Fine Art
Maker’s Spotlight: Halima Cassell
Halima Cassell is a Pakistani-born, British sculptor that has been creating fine art sculptures since graduating with a degree in 3-D design from the University of Central Lancashire. It was Cassell’s early curiosity and natural creativity that forged the way to an “art-based education,” and a career in ceramics.
Cassell’s Pakistani roots and interest in African pattern work developed her unique style. Her ongoing fascination with carved space continues to inform her work. From the artist’s website, David Coggins was quoted as saying, “Halima carves out parts of her history, an exorcism of thought forms, a compulsion to make manifest the intangible, transmuting it into something hard and permanent. Like life, everything begins with the energy of a thought.”
Cassell works to create a mood as she manipulates and alters “the planes and facets of the patterns against each other.” This ensues in pushing the boundaries of clay… as it transforms from a material to an element, a form. The sculptor says that the most exciting part of her process is when “my flat designs become dramatically transformed when charted over a structure and then taken to another level by heavily carving into it.” Since Cassell prefers to leave her work organic in color, tones and textures are translated via a reliance on light and shadow.
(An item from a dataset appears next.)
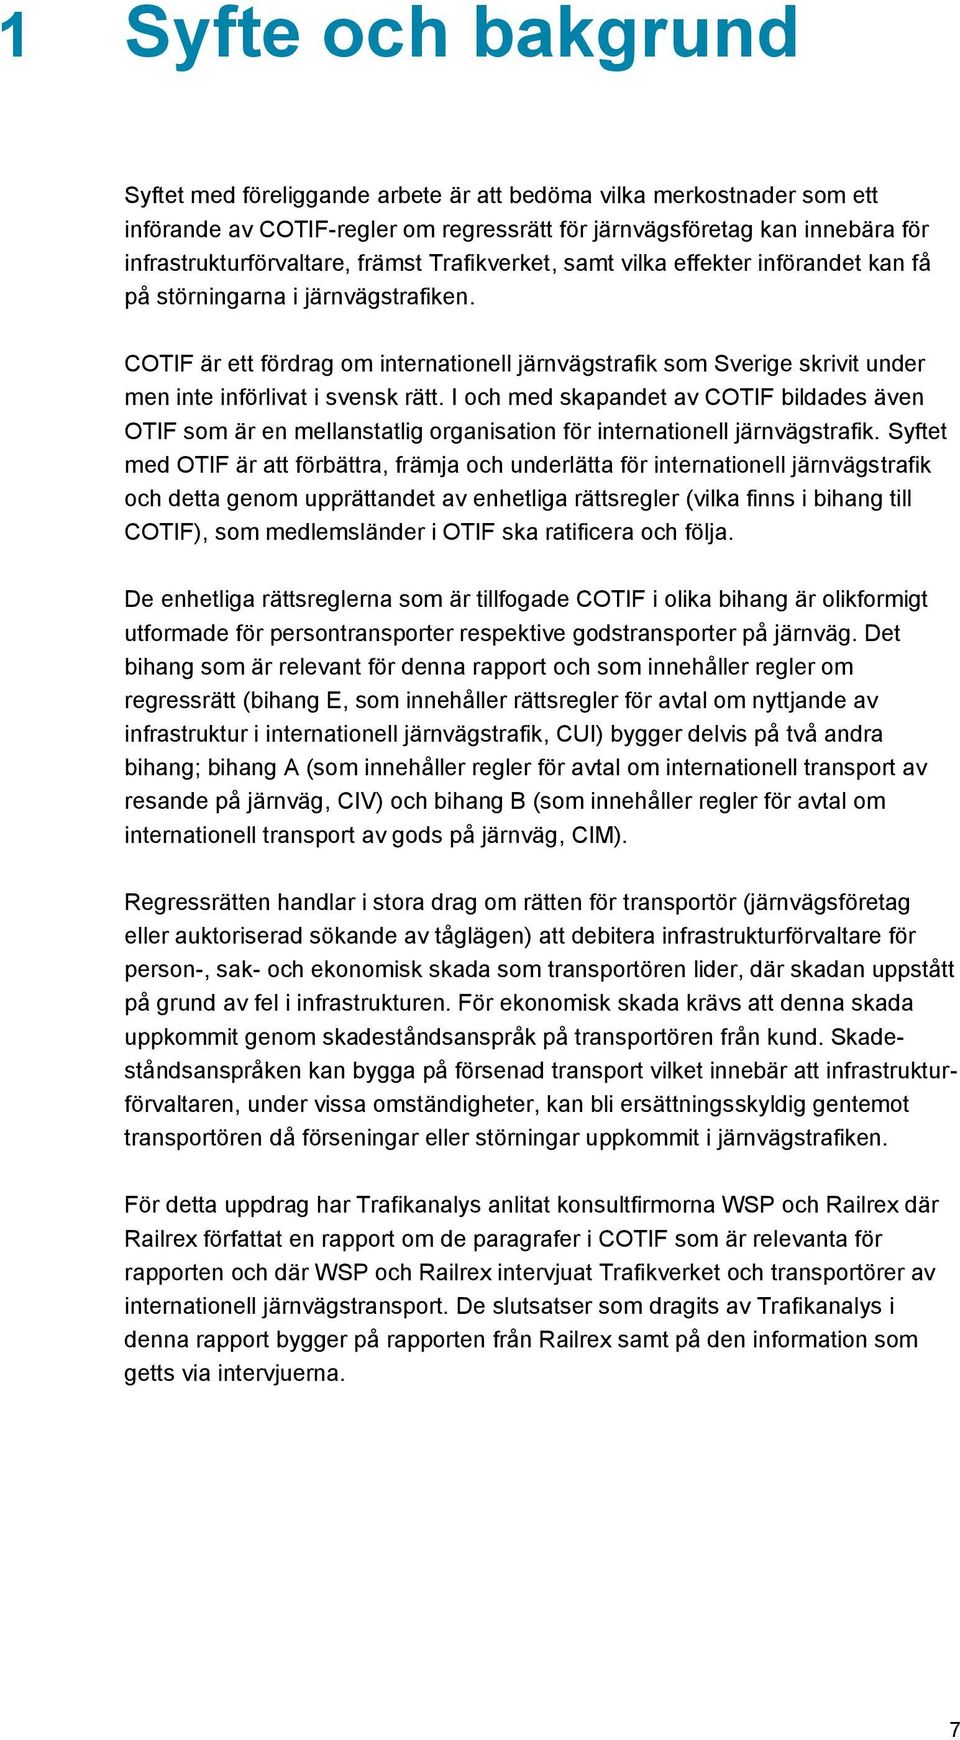 COTIF är ett fördrag om internationell järnvägstrafik som Sverige skrivit under men inte införlivat i svensk rätt.

Cassell’s early work was influenced by traditional Islamic architecture; specifically, intricately carved buildings found all over the world. The artist was also influenced by repetitiveness found in structures in North Africa. Opposites have also played a big part in Cassell’s work: traditional vs. contemporary, big vs. small, and feminine vs. masculine. These unique relationships help Cassell “unify not only internal and external forms but also the parts to the whole.” Shying away from traditional narratives has allowed Cassell to question typical roles, bringing into question whether women always gravitate towards curvaceous forms, while men lean towards hard-edge contours and straight lines. As of late however, Cassell has become more interested in cutting more directly and intentionally into the vessel, almost in a way that contorts the form and deems it unsuitable as a “geometric volume.”
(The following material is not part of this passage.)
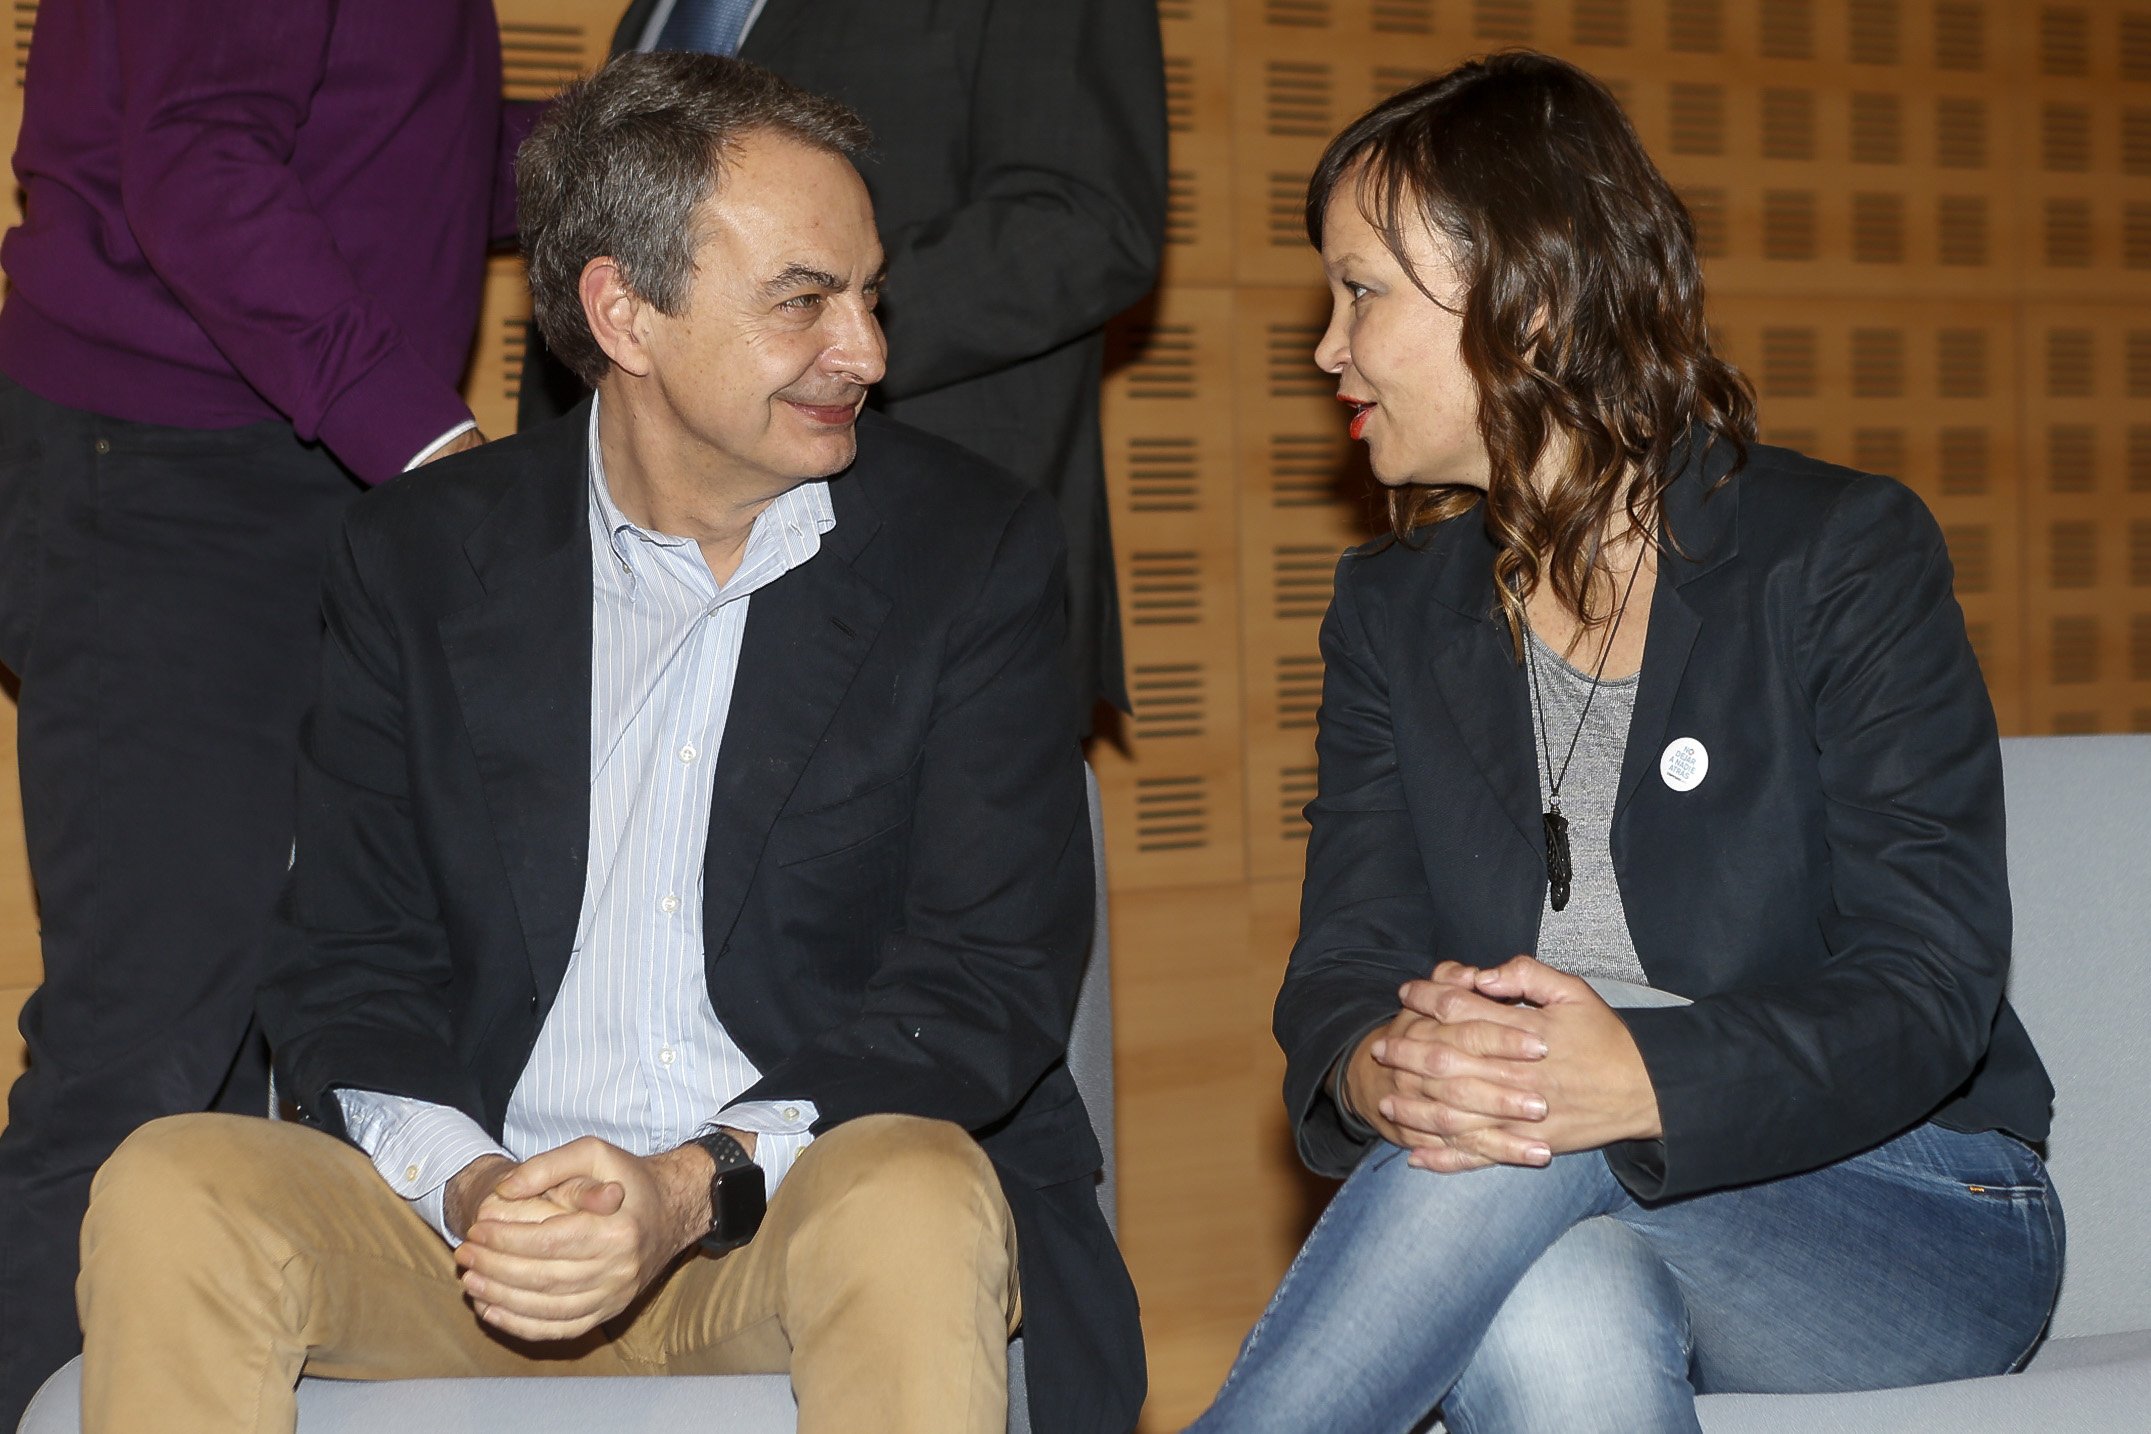 Escándalo en Madrid al retratar a Zapatero desnudo y con un miembro descomunal

The sophisticated work that Halima Cassell creates often combines recurring patterns with strong geometric patterns. This is possible via a specific methodology that begins by using a heavily gorged clay because it allows for a thick surface which is able to offer a “canvas” for the carvings. Often, the vessels themselves are rather simple in form… this allows the pattern to be highlighted. However once the piece is actually formed, Cassell spends time working out the “mathematics of the pattern and the surface area of the form so that they work accurately and harmoniously together.”
Each piece takes between 100 and 280 hours of work depending on the piece’s size and pattern complexity. The work is slowly dried over a number of weeks; then, it is fired to a temperature which is dependent upon the clay’s capacity.
About her work, Cassell says (courtesy of The Shape of Things), “Like the differently coloured and contrastingly textured clays hewn from the Earth we are all of one substance, despite our superficial differences. This makes us all equal and it is my fervent hope that people will identify with this concept.”